:: PROBLEM TO SOLVE ::
Using the data below, restate exactly every line from the one with "Adidas брюки зеленые адиколор" up to and including the one with "Unisex Peaceful Science". No picture belongs in it.

:: TASK INPUTS ::

[Start of section]

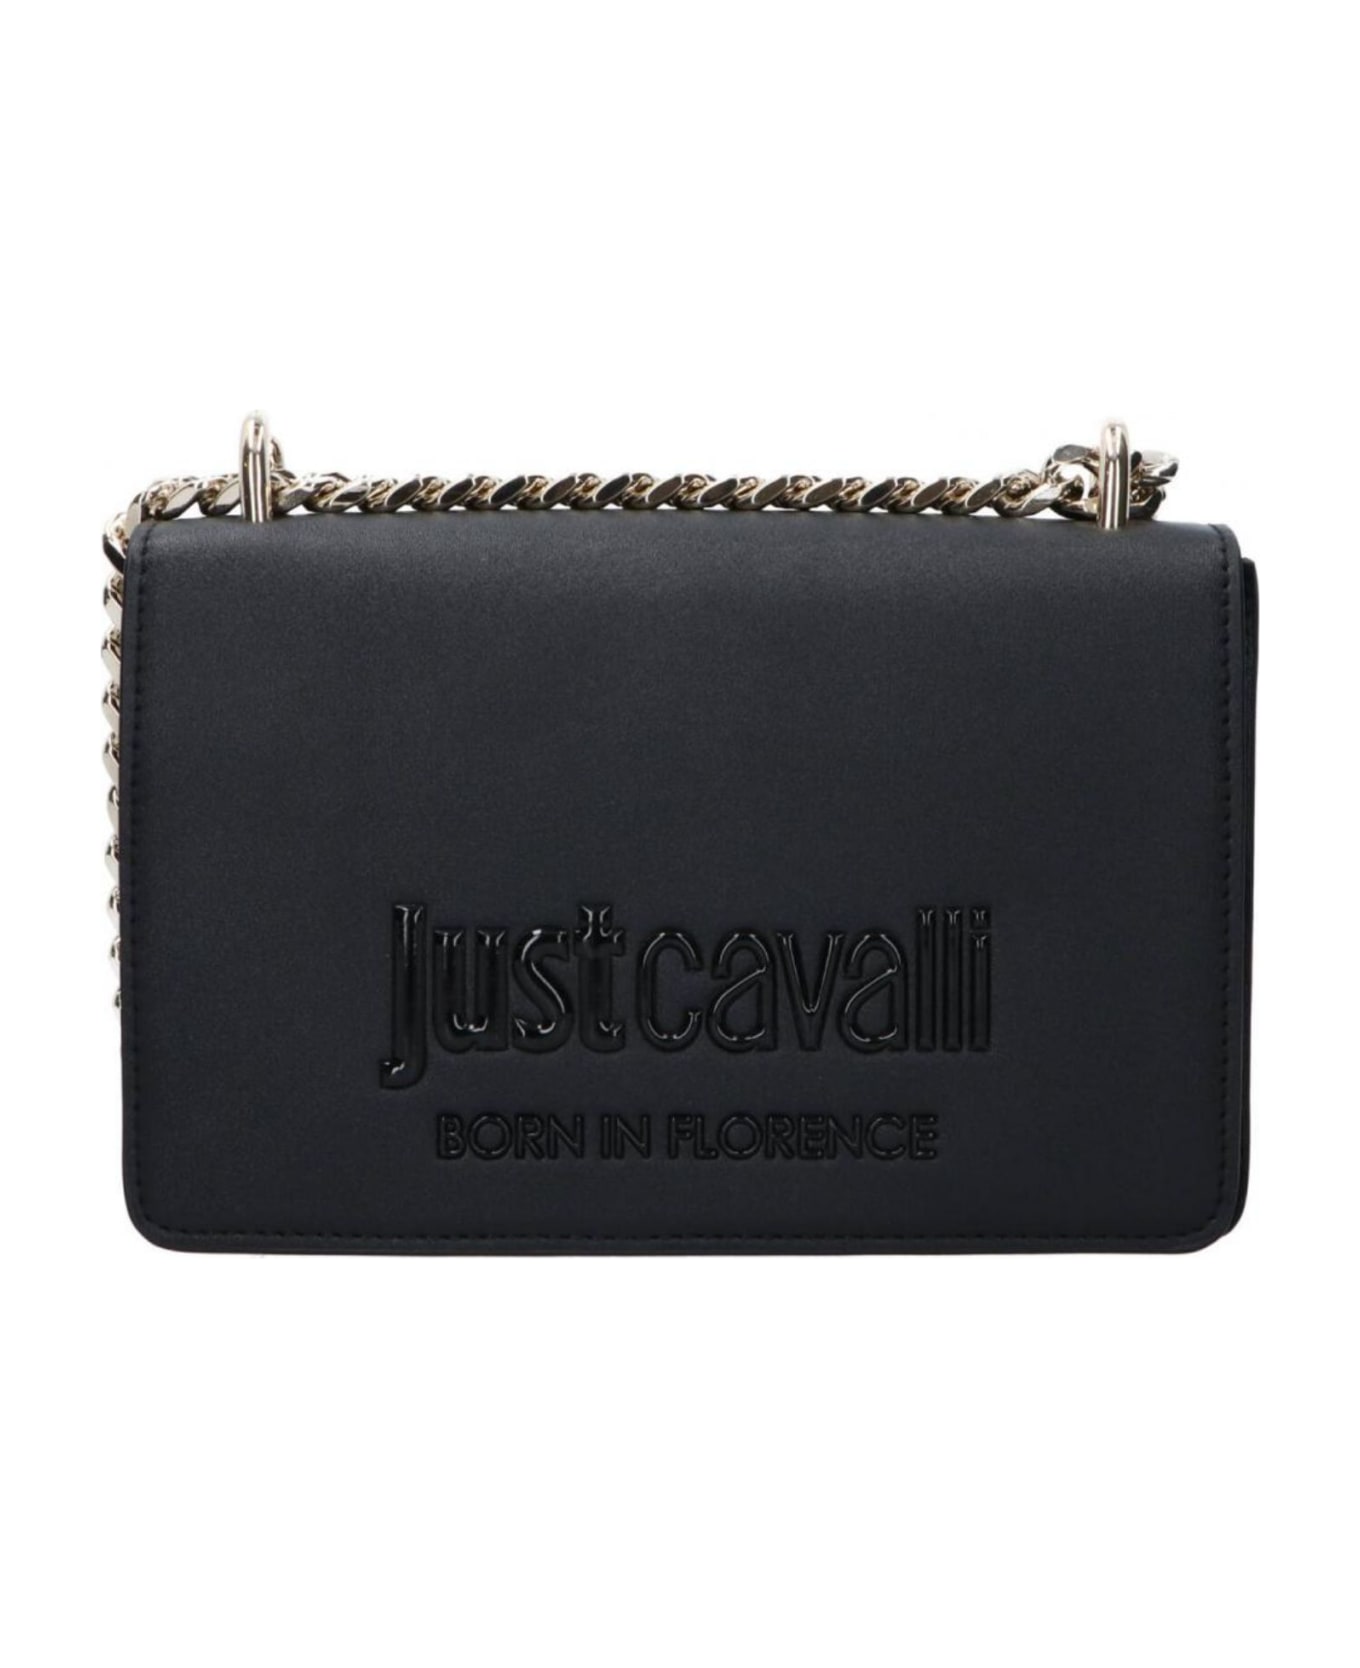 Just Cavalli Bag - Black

[End of section]
[Start of section]

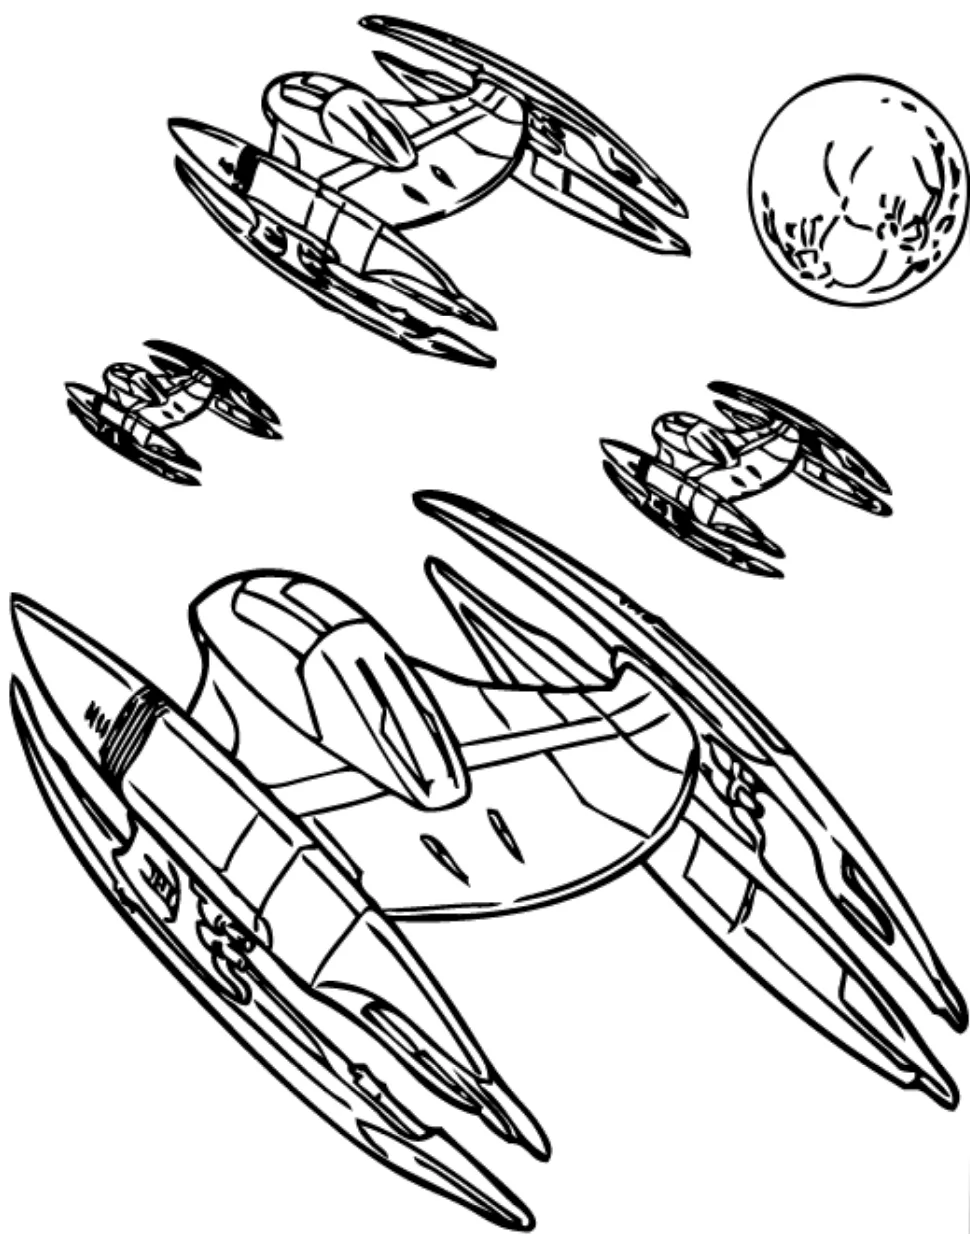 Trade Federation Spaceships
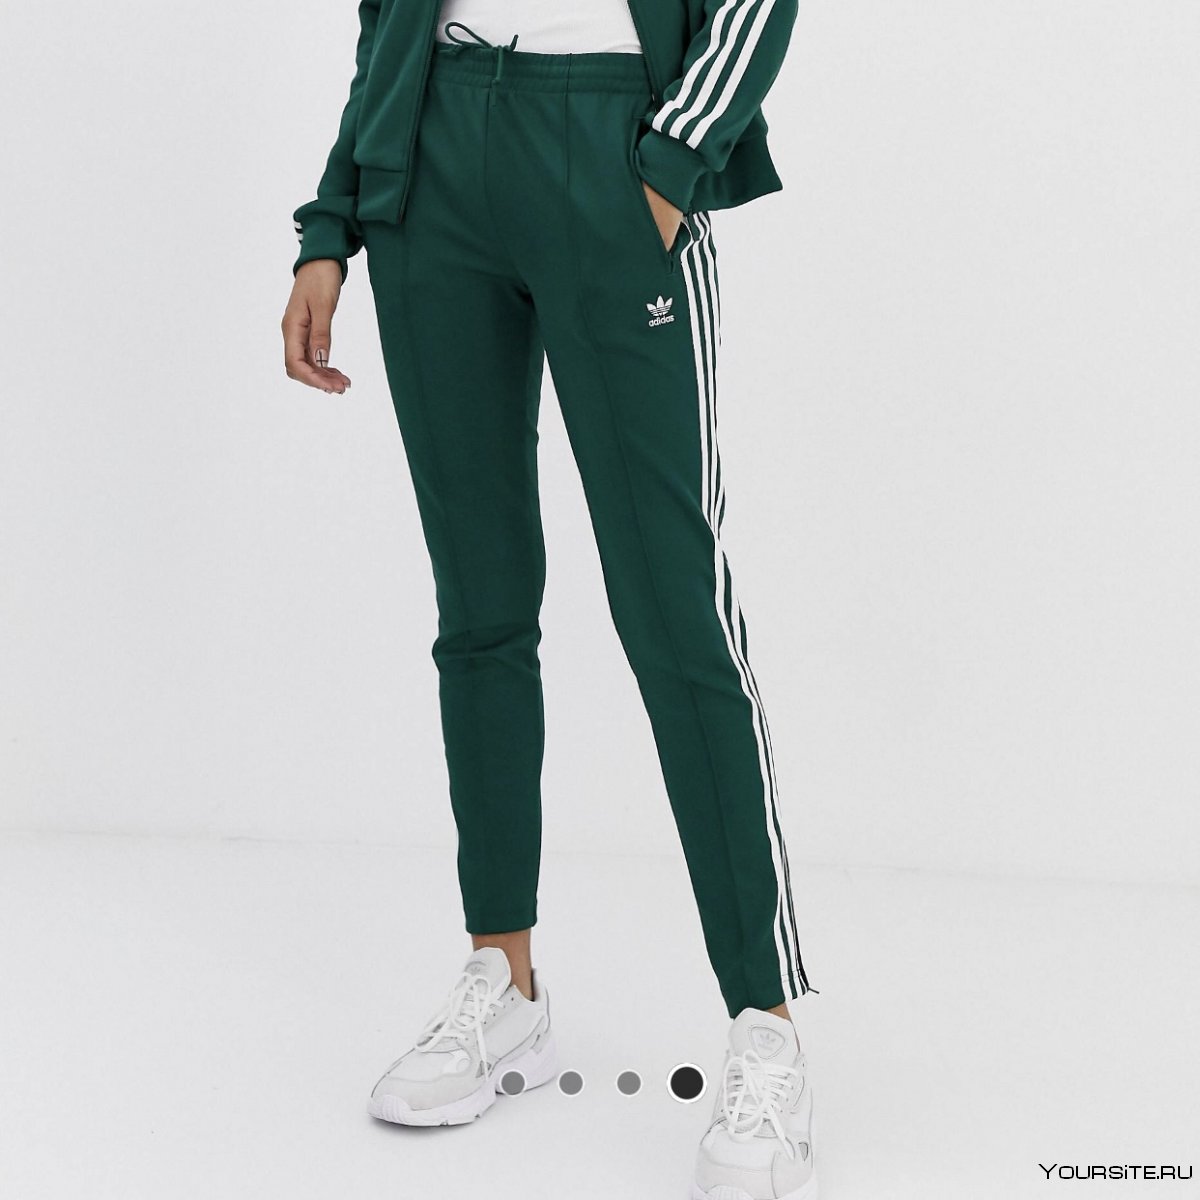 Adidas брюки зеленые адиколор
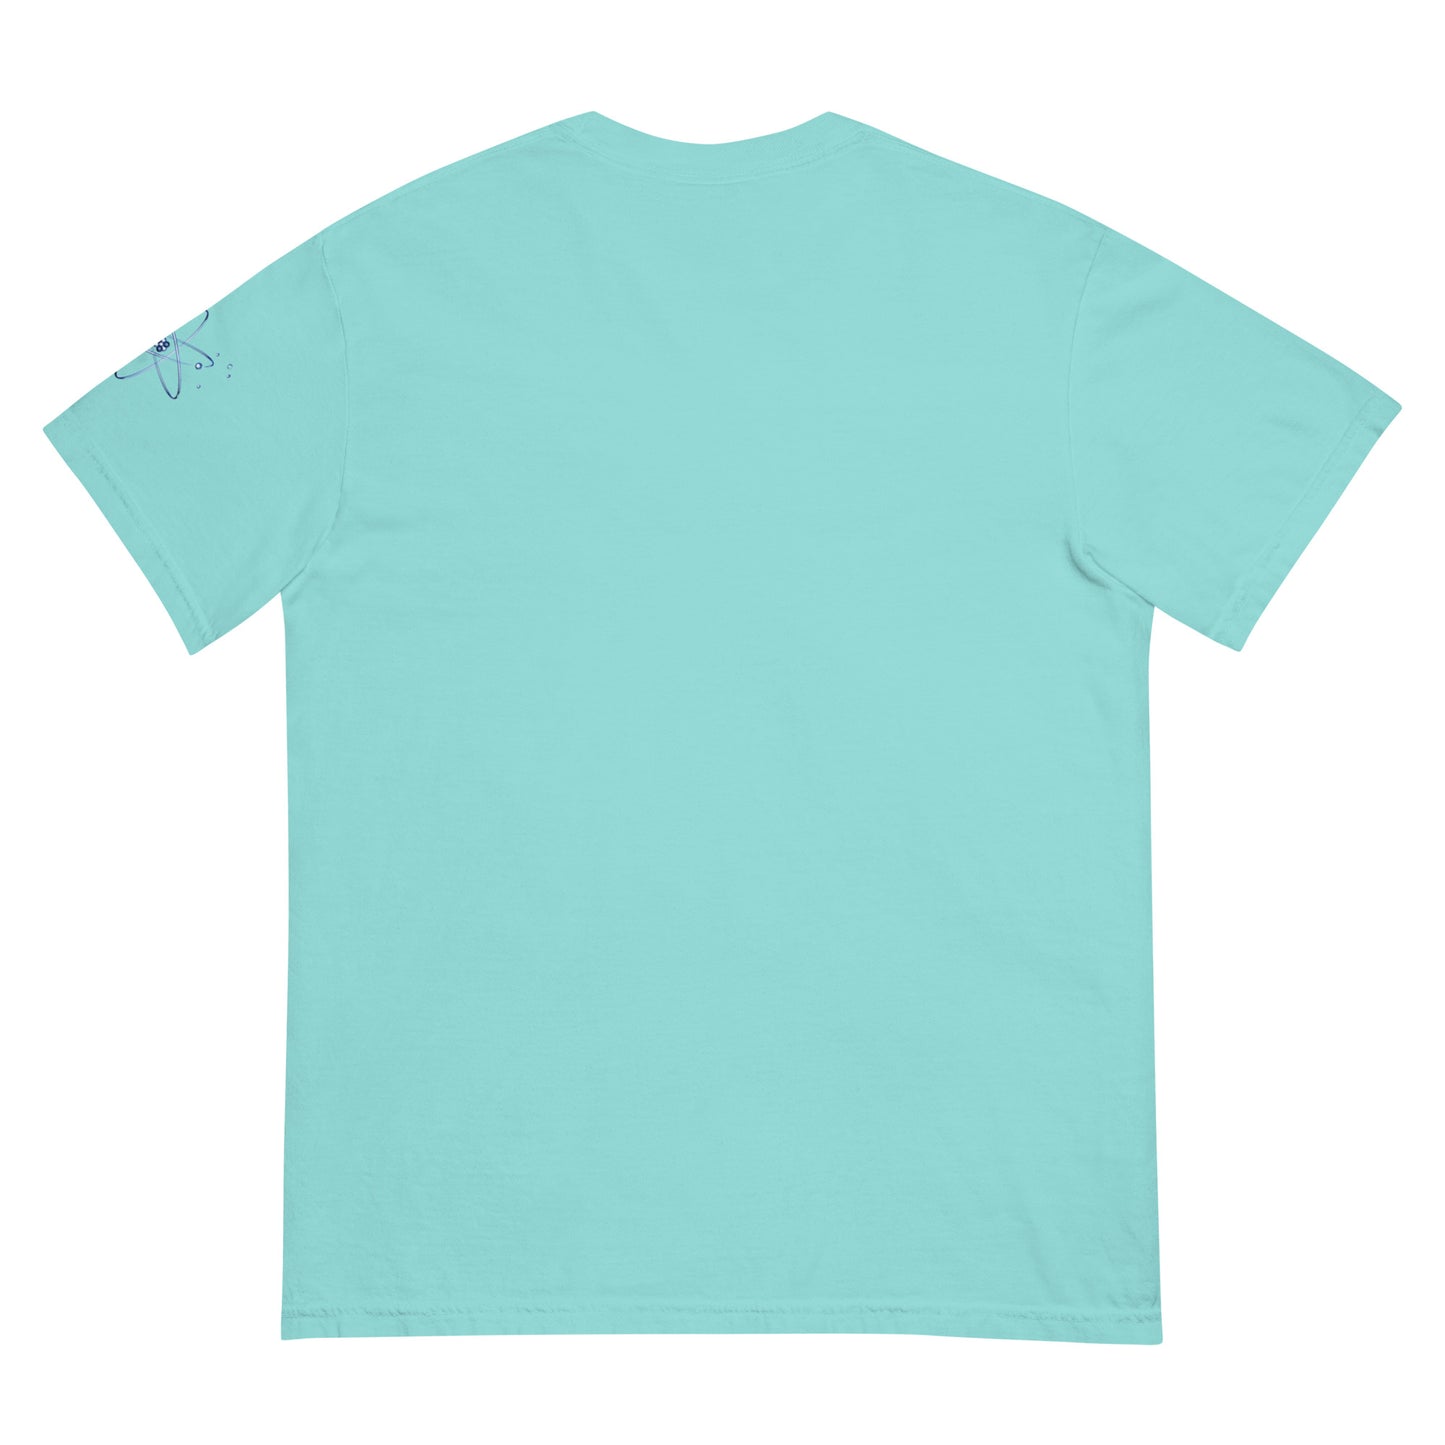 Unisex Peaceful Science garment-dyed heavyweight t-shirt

[End of section]

:: COMPLETED TASK ::
 Adidas брюки зеленые адиколор
 Unisex Peaceful Science garment-dyed heavyweight t-shirt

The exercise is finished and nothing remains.